Si sa da tempo che la giustizia è ormai una sgangherata macchina allo sfascio, che la maggior parte dei processi penali va in prescrizione, che la giustizia civile è tanto lenta da dare a molti di quelli che vi ricorrono il tempo di passare a miglior vita prima di ottenere sentenza, che i tribunali sono soggiogati dalle prevaricazioni di PM arroganti e dall’atteggiamento di totale non collaborazione di molti avvocati in malafede che pensano solo ai comodacci loro infischiandosene del cliente … è così in tutta Italia, credeteci.

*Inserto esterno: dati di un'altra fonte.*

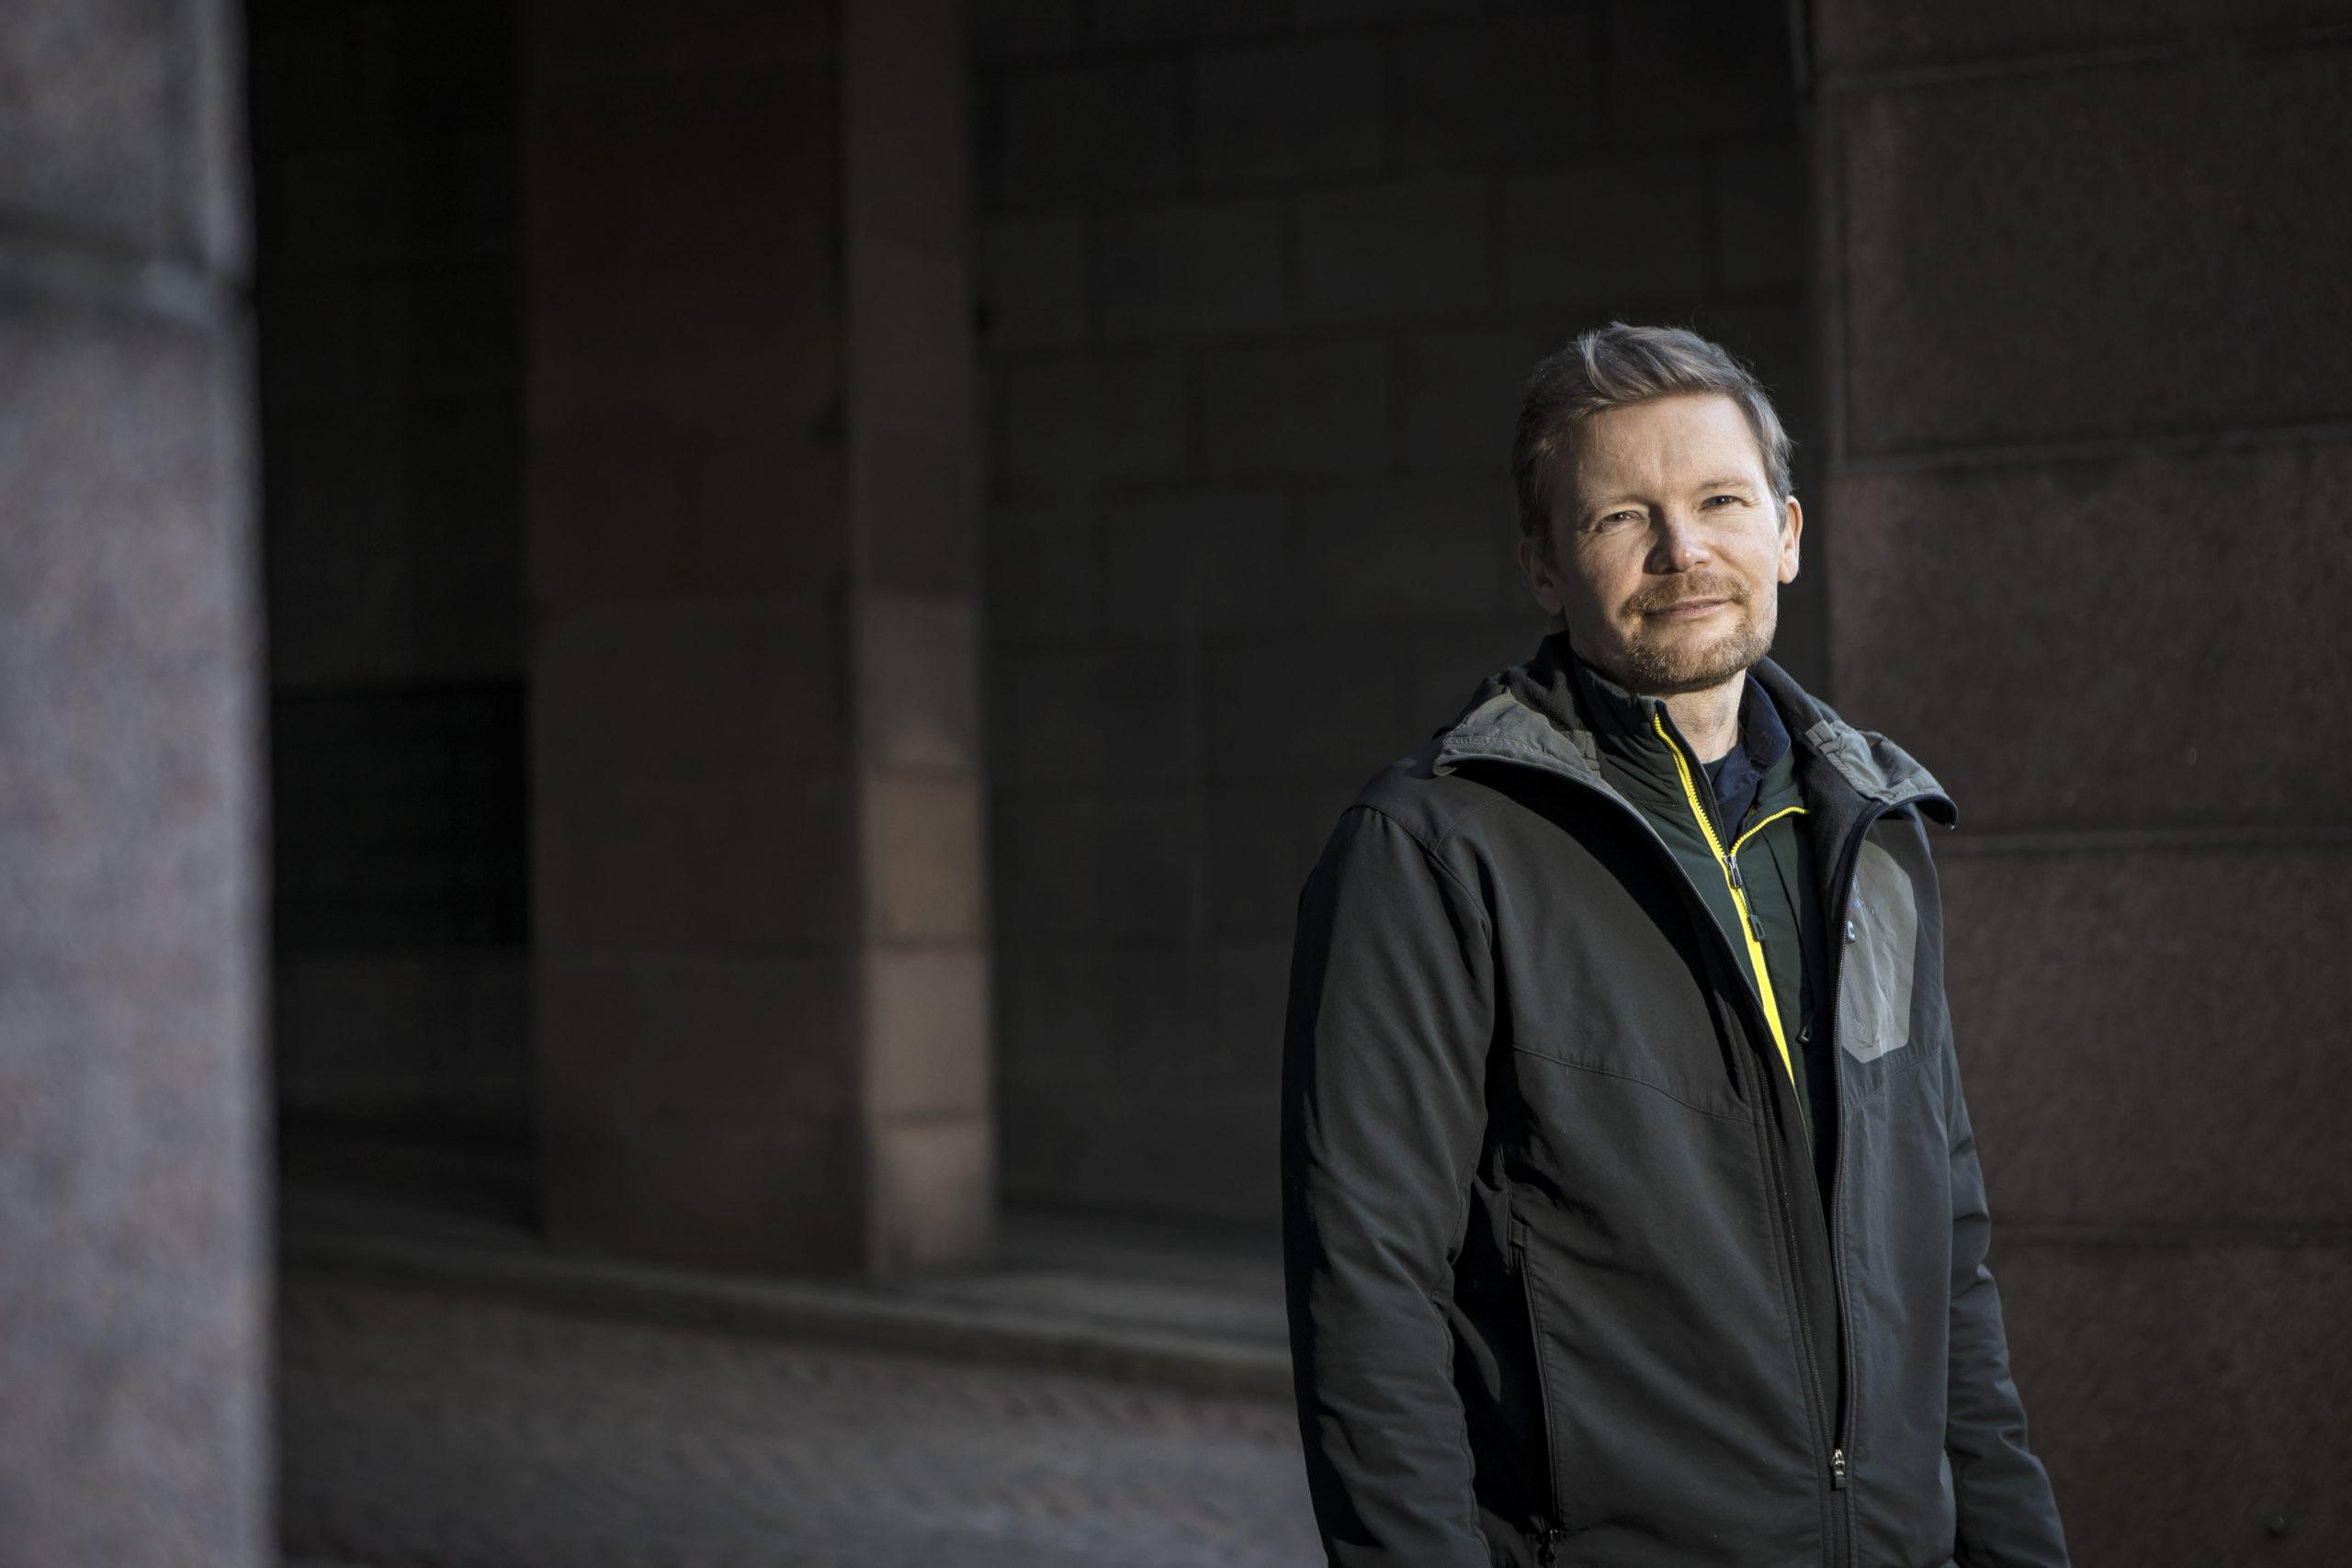 »Suomi on nostanut mustan hiilen esille, koska nykyisessä poliittisessa ilmapiirissä Yhdysvallat ja Venäjä eivät pysty keskustelemaan kaikkein isoimmasta ongelmasta eli hiilidioksidista.»
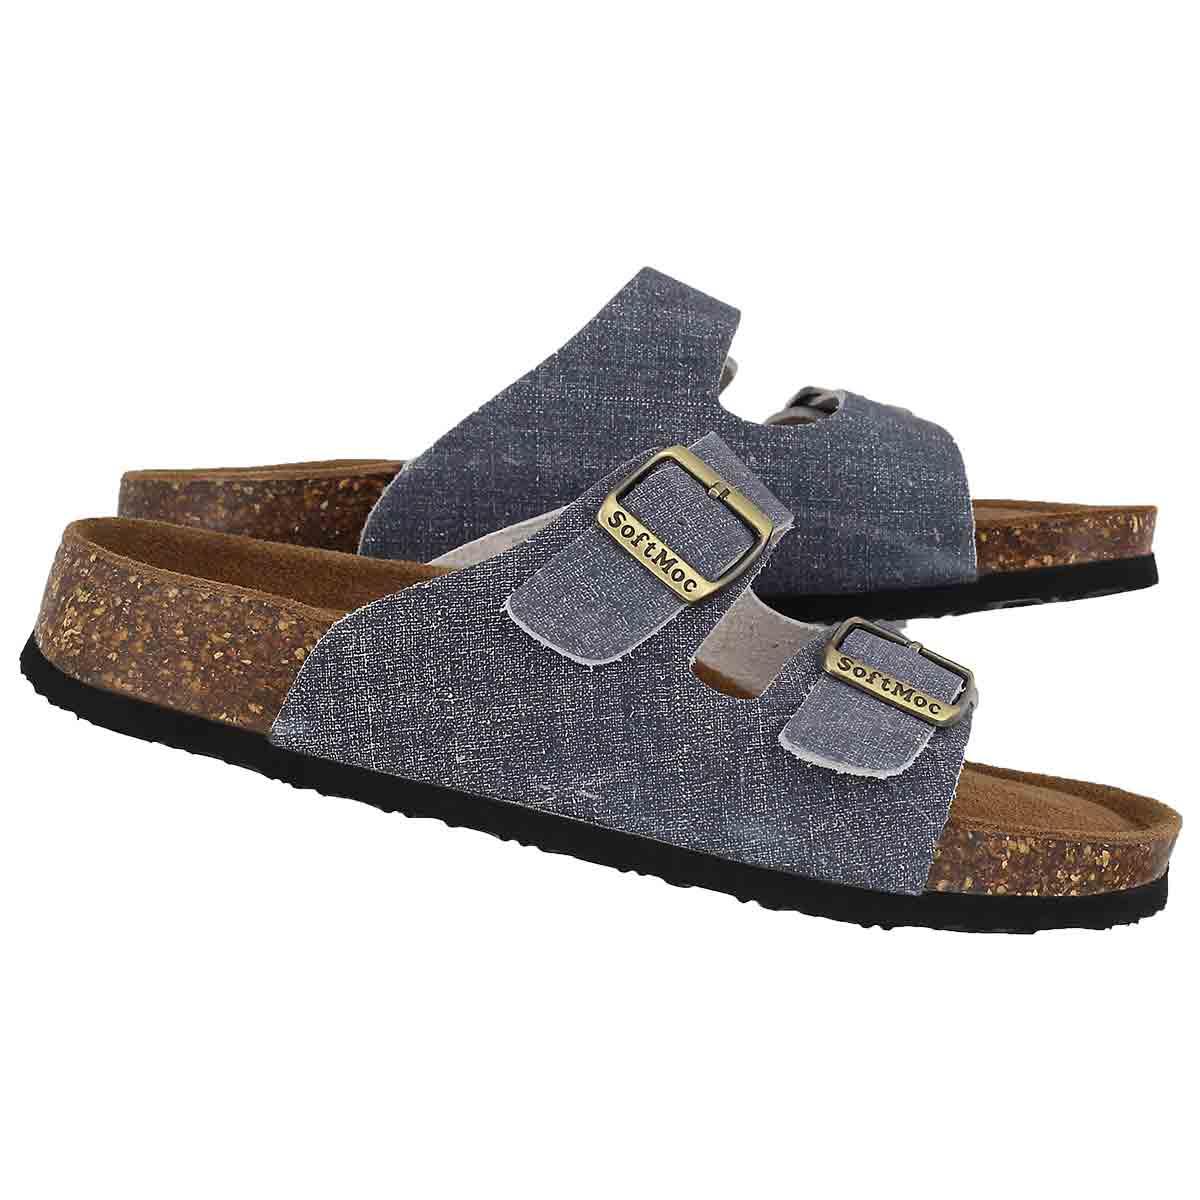 Lds Anna 5 denm memory foam slide sandal

Esiste però una minoranza, temiamo sempre più sparuta, di magistrati coscenziosi che ogni giorno lavorano sodo e in silenzio, senza i riflettori della stampa, nel tentativo di dare a questa sgangherata macchina, che non potrebbe essere raddrizzata appieno se non con radicali riforme, una parvenza di funzionamento.

Tuttavia, a Cagliari, non si salvano neppure le apparenze, e non solo su problemi come quello delle incompatibilità parentali diffuse a macchia d’olio o dei tanti abusi d’ufficio sospetti o conclamati da parte di magistrati, su cui gli inquilini del Palazzaccio di piazza Repubblica dormono sonni beati, in compagnia della loro cattiva coscienza, rinfrancati dal colluso silenzio de L’UNIONE SARDA e dall’aperta tifoseria de LA NUOVA SARDEGNA di Mauro “James” Lissia e soci, ma anche su quelli riguardanti l’ordinario funzionamento della macchina della giustizia, nonostante ci siano dirigenti degli uffici, come il Presidente del Tribunale Antonio Porcella e per certi versi lo stesso procuratore Carlo Piana, coscienziosi nel tentare di evitare certe sconcerie.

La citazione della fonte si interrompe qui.